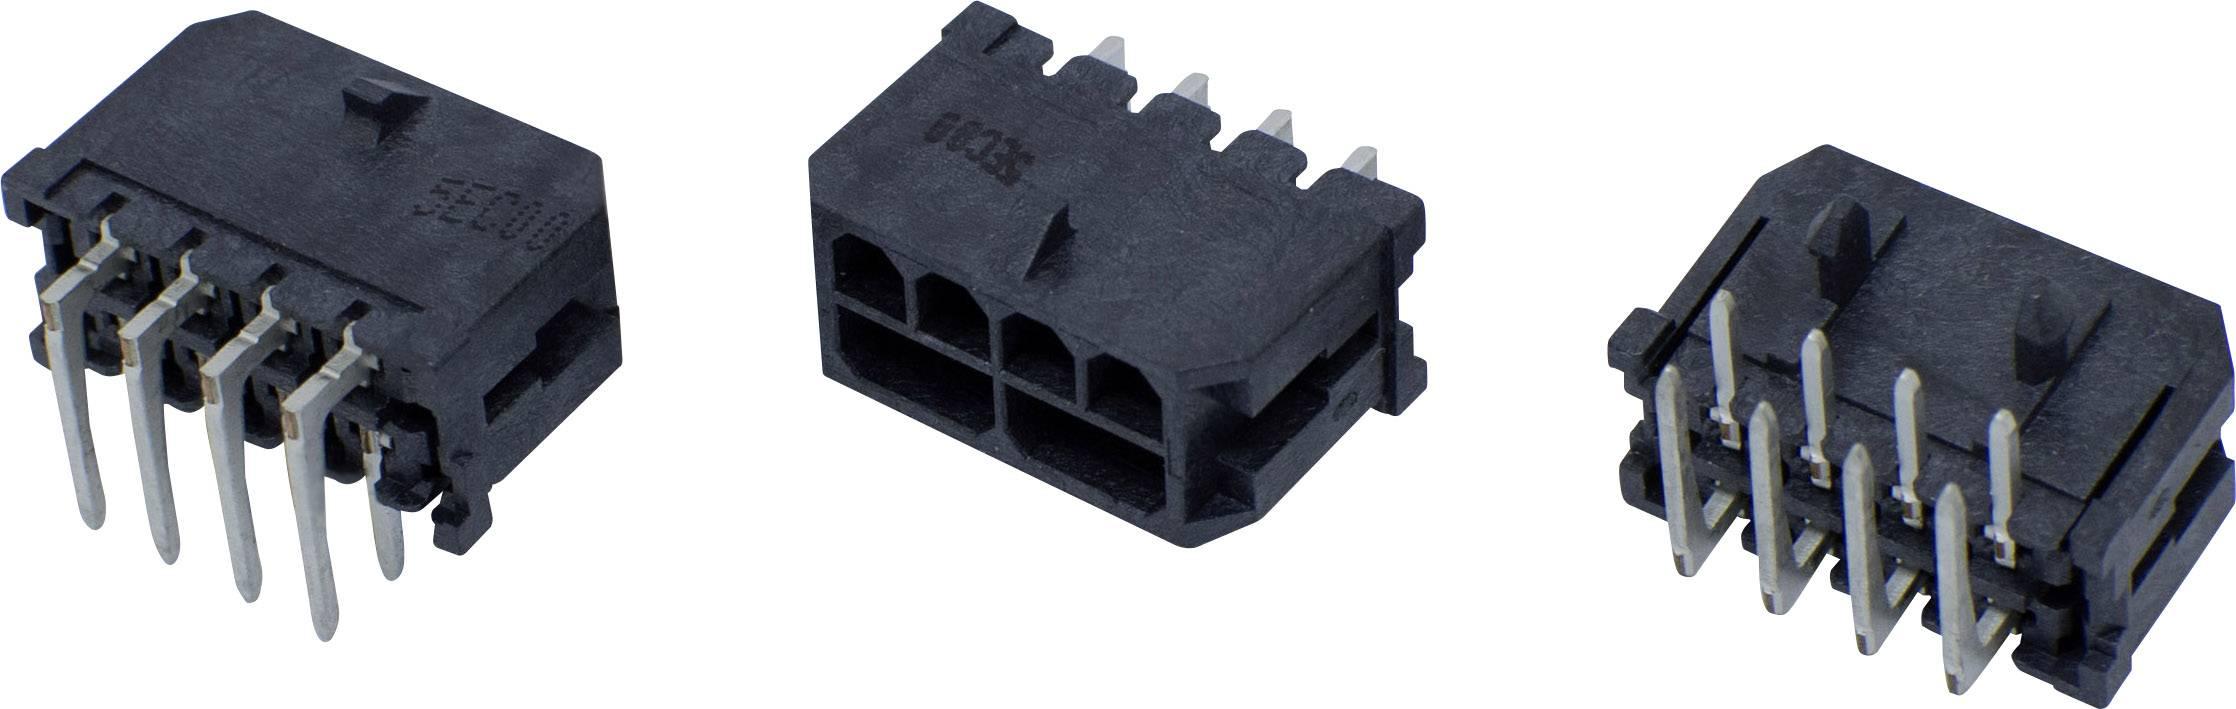 Pinová lišta (štandardná) BellWether 70095-1408, pólů 14, rozteč 3 mm, 1 ks
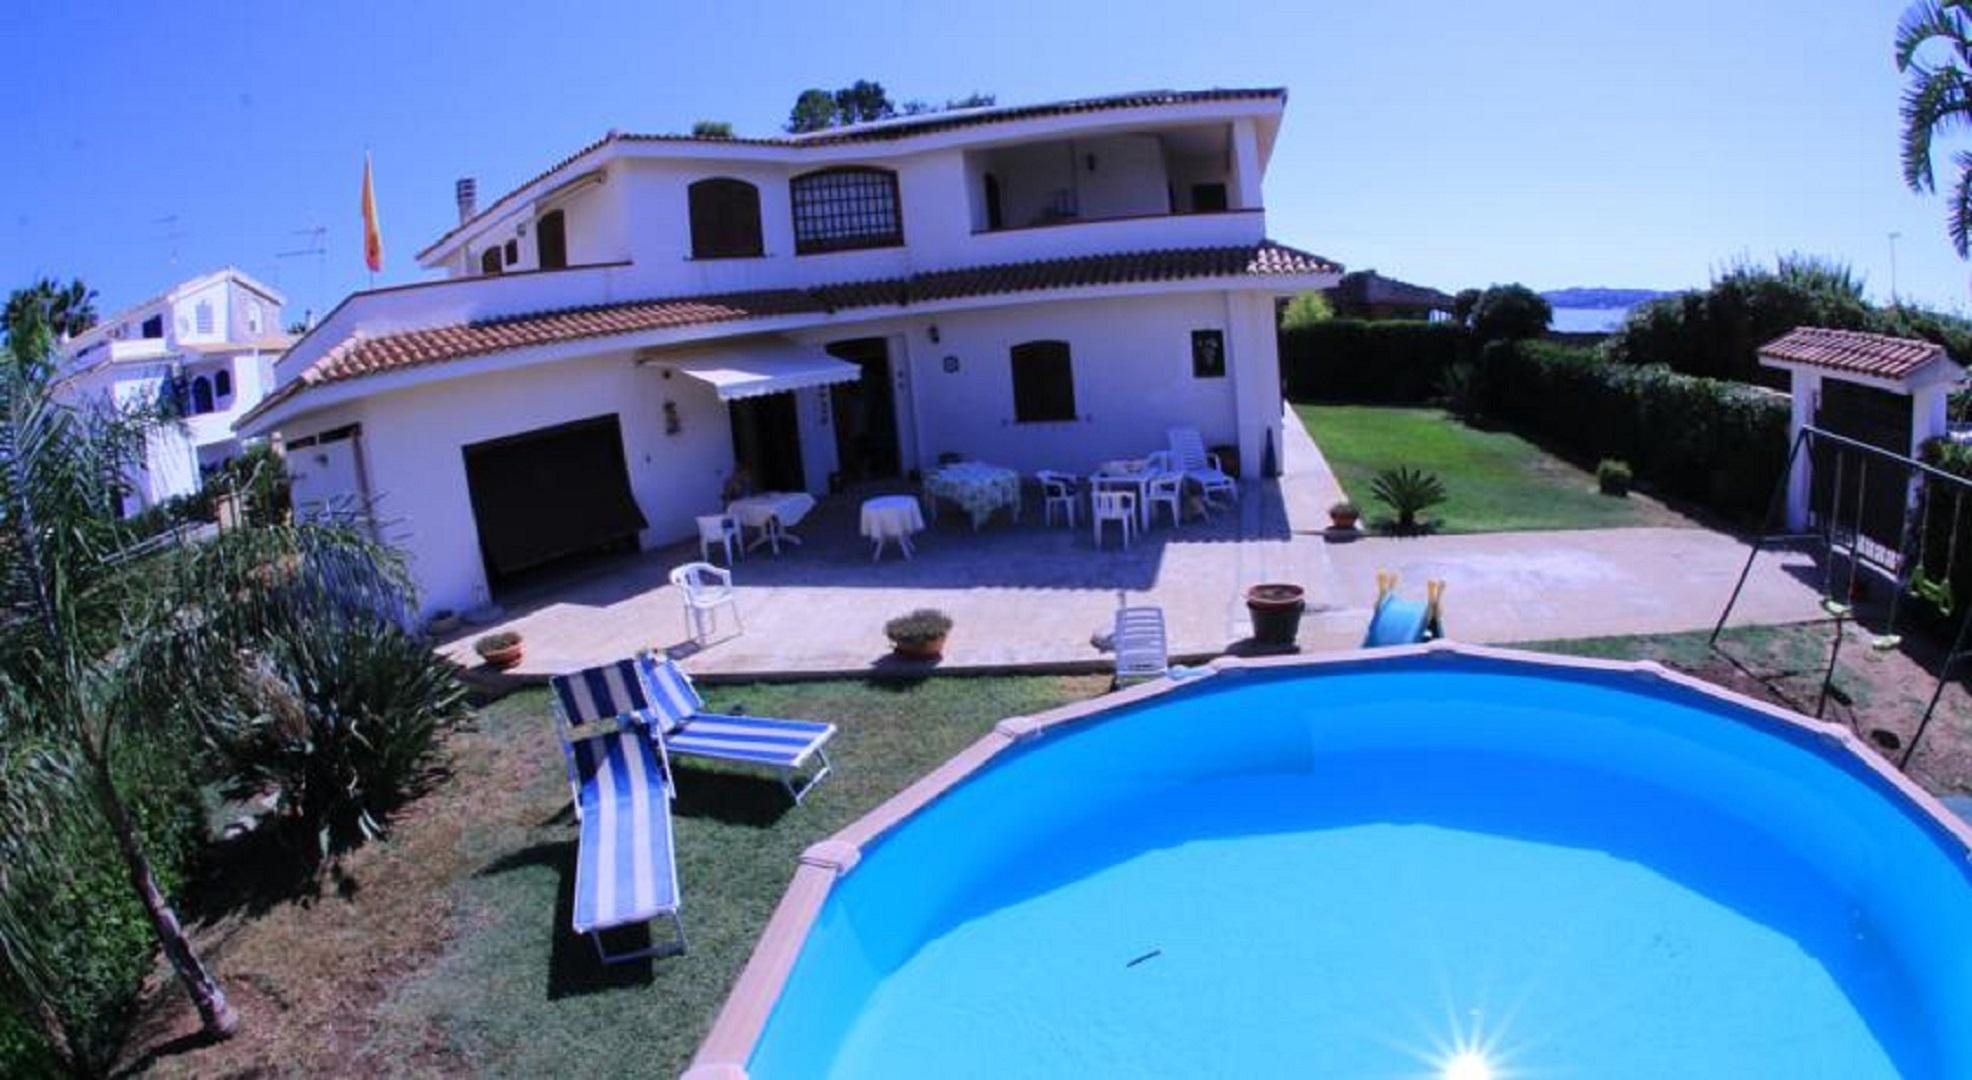 villa trinacria : syracuse : sicile baroque : sicile : avis hotel
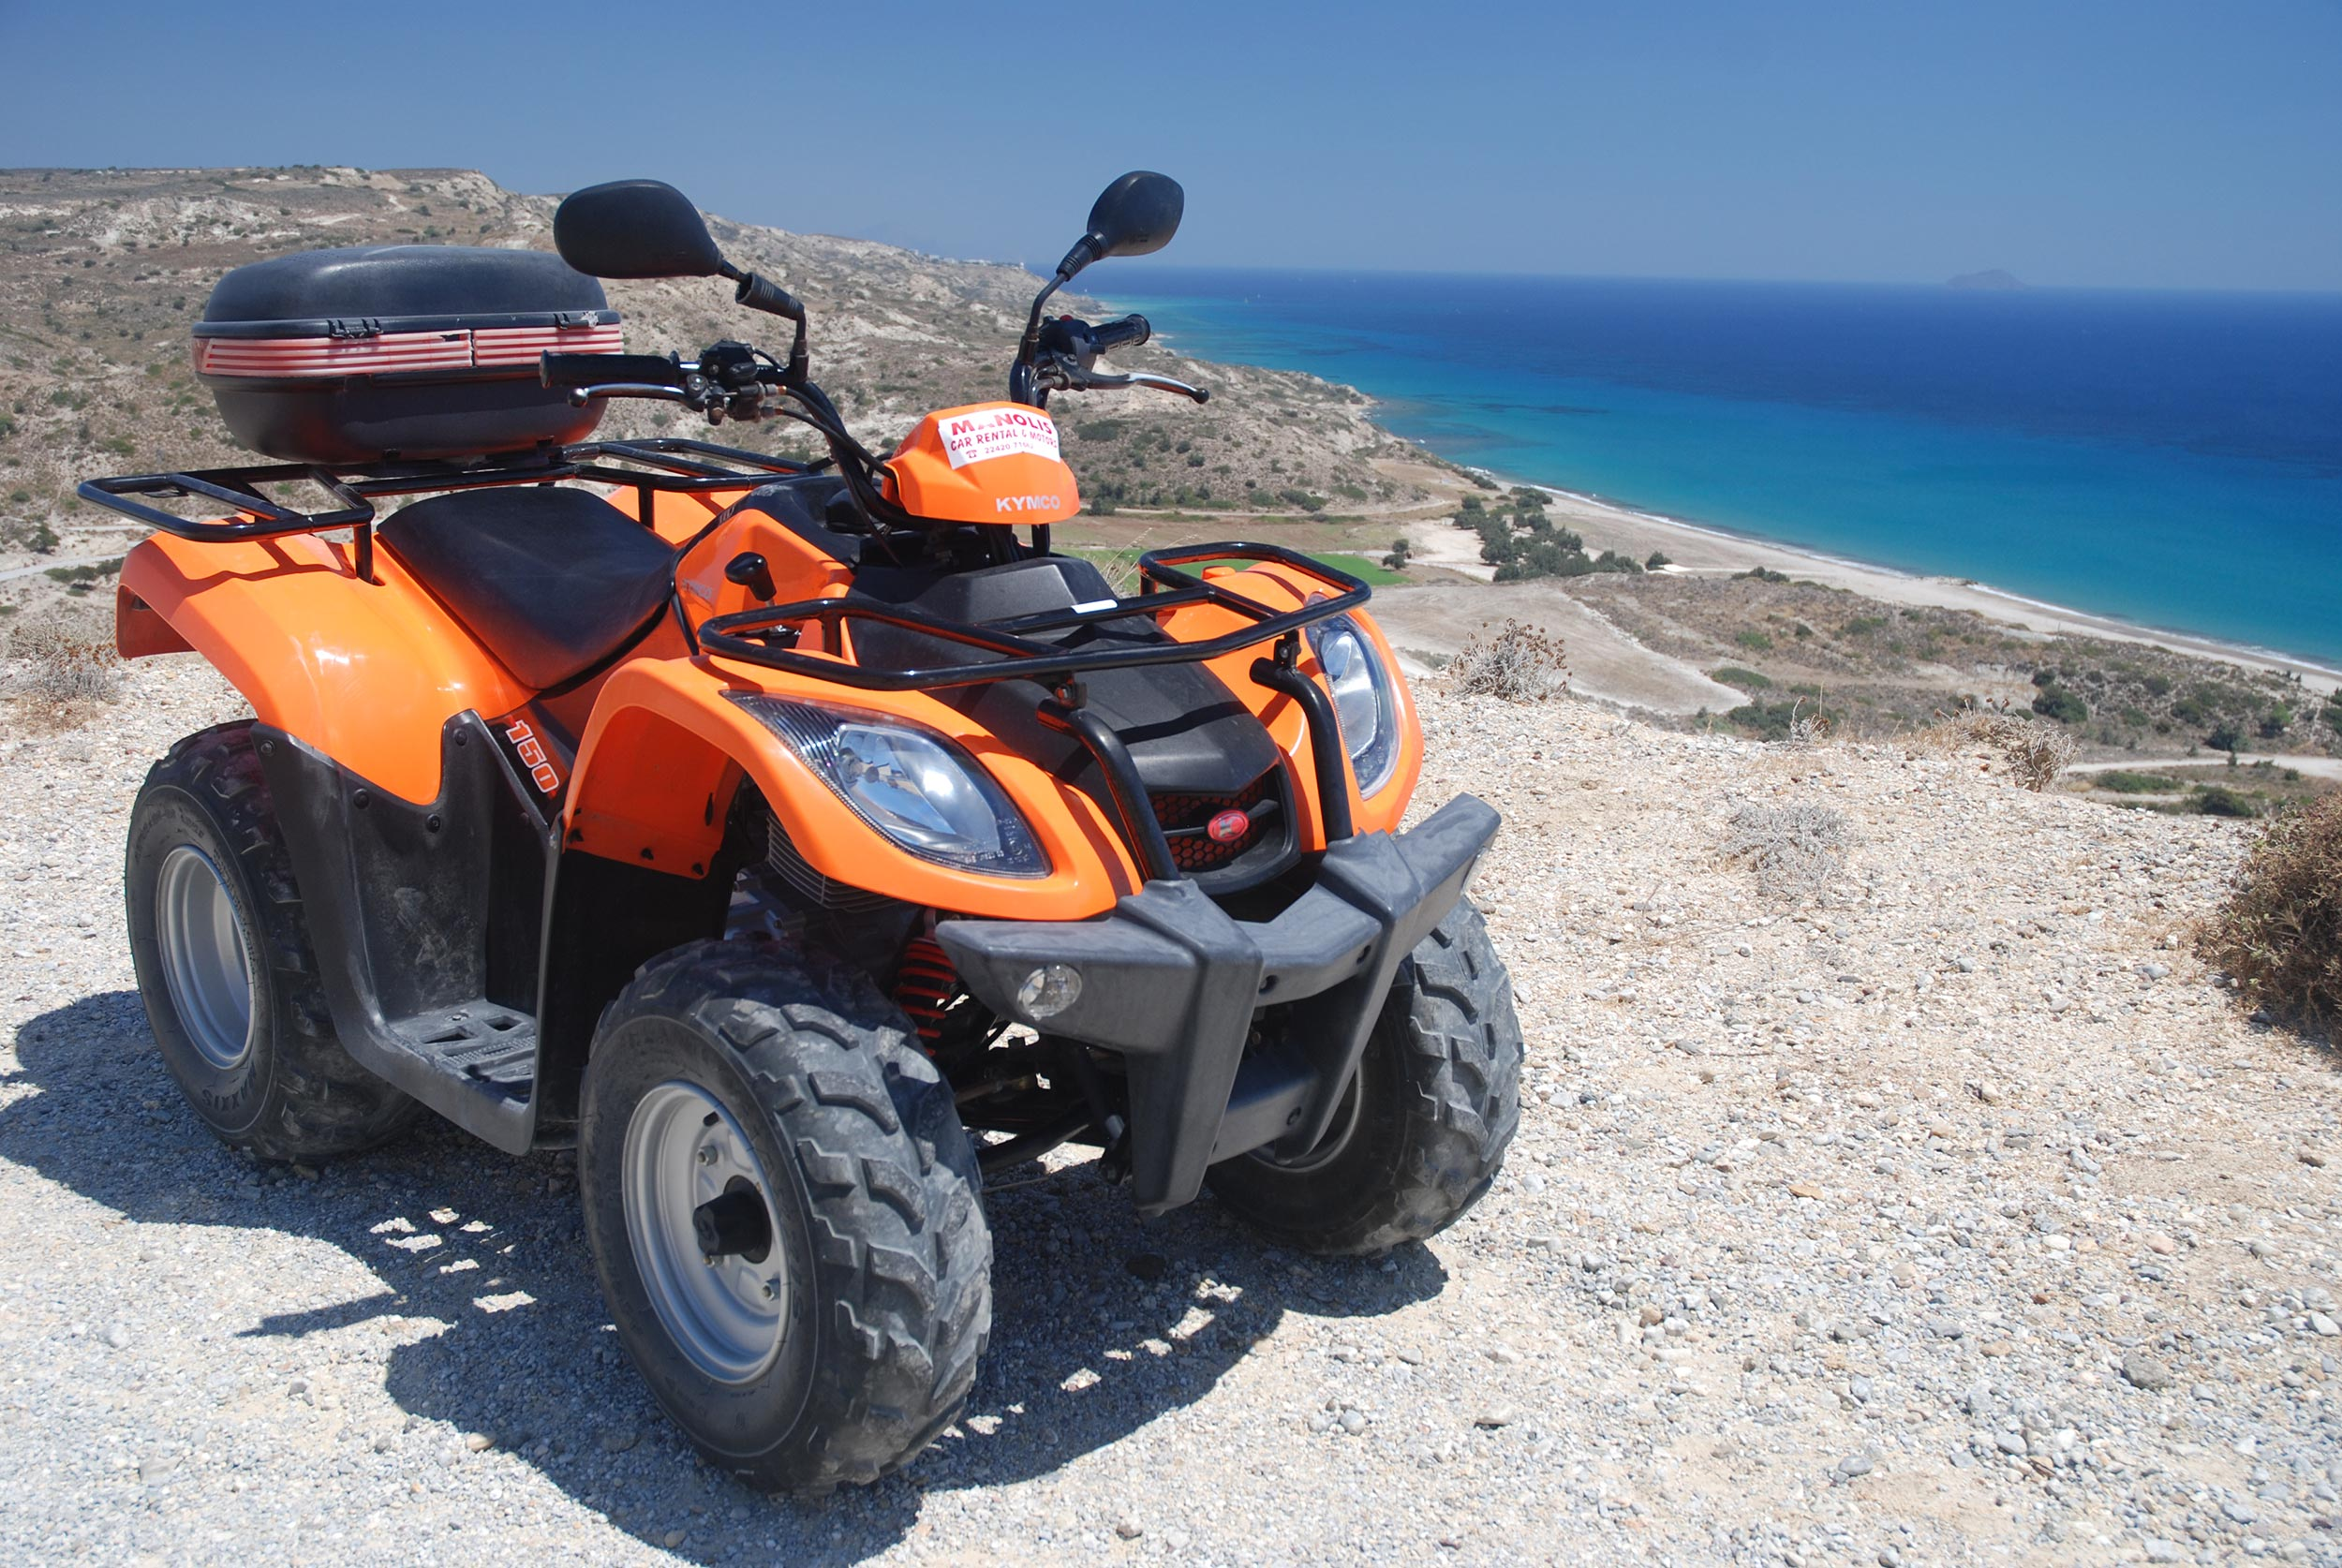 Quadriciclo na ilha de Kos, na Grécia
==================================================
● REQUIRED WORK:
Without including any picture, repeat the data exactly.

● TASK OUTPUT:
 Pinová lišta (štandardná) BellWether 70095-1408, pólů 14, rozteč 3 mm, 1 ks
 villa trinacria : syracuse : sicile baroque : sicile : avis hotel
 Quadriciclo na ilha de Kos, na Grécia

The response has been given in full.